Details
-
Bug
-
Resolution: Unresolved
-
Major
-
None
-
Lustre 2.6.0
-
None
-
3
-
15669
Description
As describe in LU-5395: there is potential deadlock race condition between object destroy and layout LFSCK. Consider the following scenario:
1) The LFSCK thread obtained the parent object firstly, at that time, the parent object has not been destroyed yet.
2) One RPC service thread destroyed the parent and all its children objects.
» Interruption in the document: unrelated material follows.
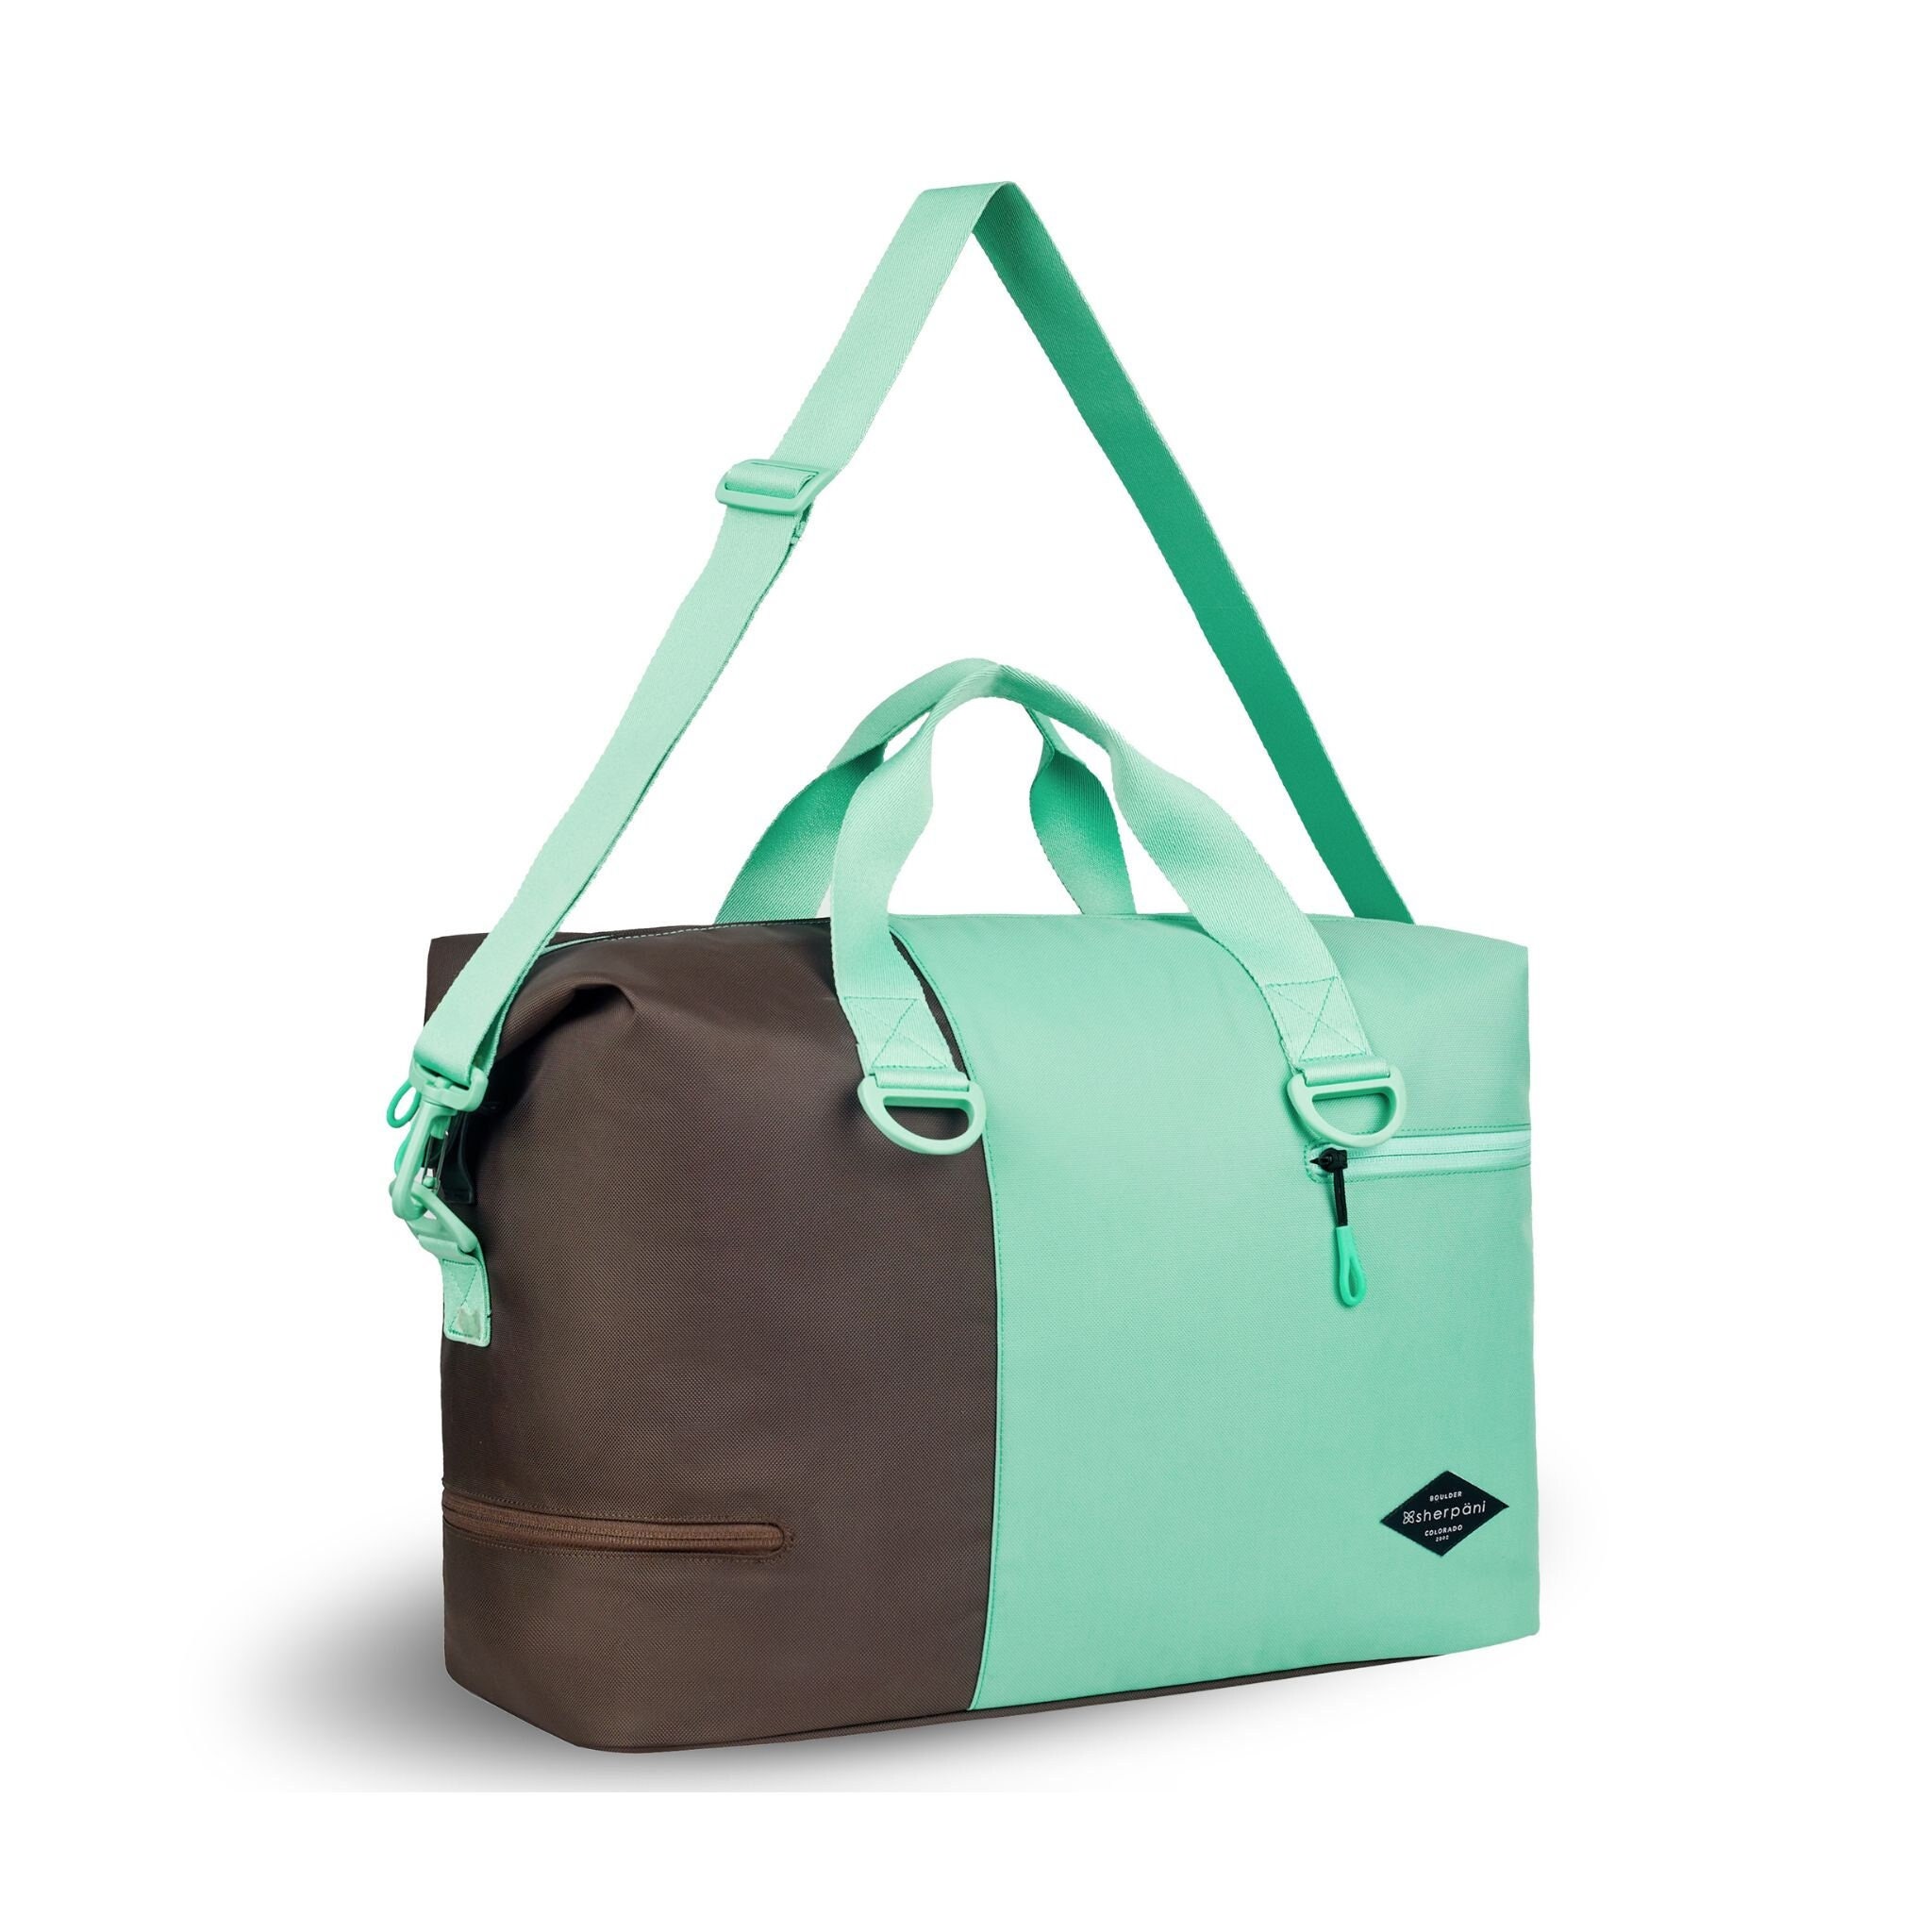 Goyard Gray Luggage ☑  Fancy bags, Luxury bags collection, Stylish luggage
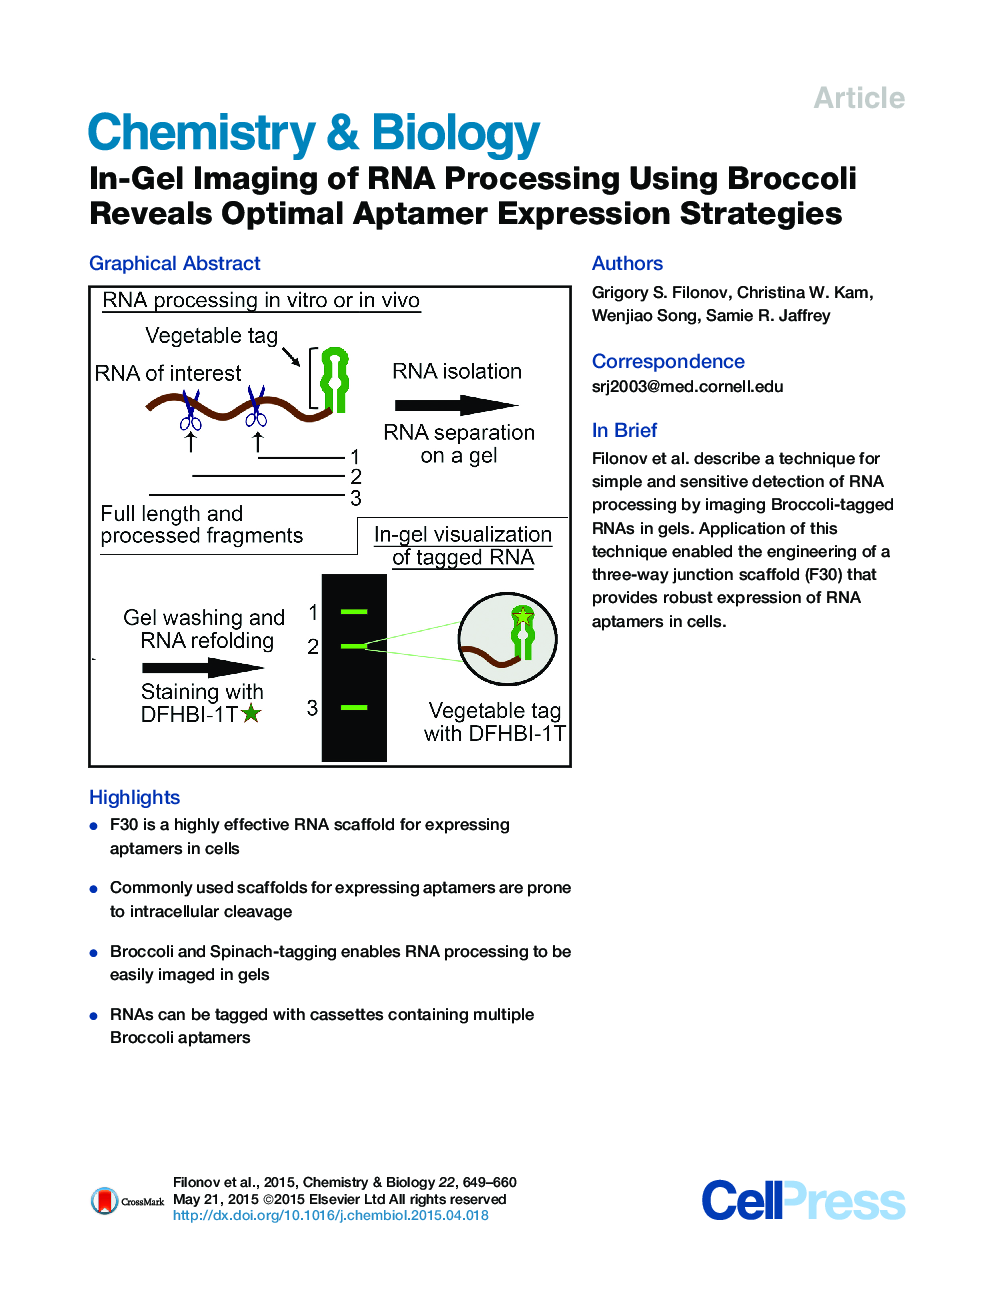 In-Gel Imaging of RNA Processing Using Broccoli Reveals Optimal Aptamer Expression Strategies

Because the LFSCK is referencing the parent object, then the parent object will be marked as dying in RAM. On the other hand, the parent object is referencing all its children objects, then all children objects will be marked as dying in RAM also.
3) The LFSCK thread tries to find some child object with the parent object referenced. Then it will find that the child object is dying. According to the object visibility rules: the object with dying flag cannot be returned to others. So the LFSCK thread has to wait until the dying object has been purged from RAM, then it can allocate a new object (with the same FID) in RAM. Unfortunately, the LFSCK thread itself is referencing the parent object, and cause the parent object cannot be purged, then cause the child object cannot be purged also. So the LFSCK thread will fall into deadlock.
To avoid above deadlock, we can detach the child object from the parent object in LOD when destroy the striped directory. Such detachment should be done carefully to avoid race with other users.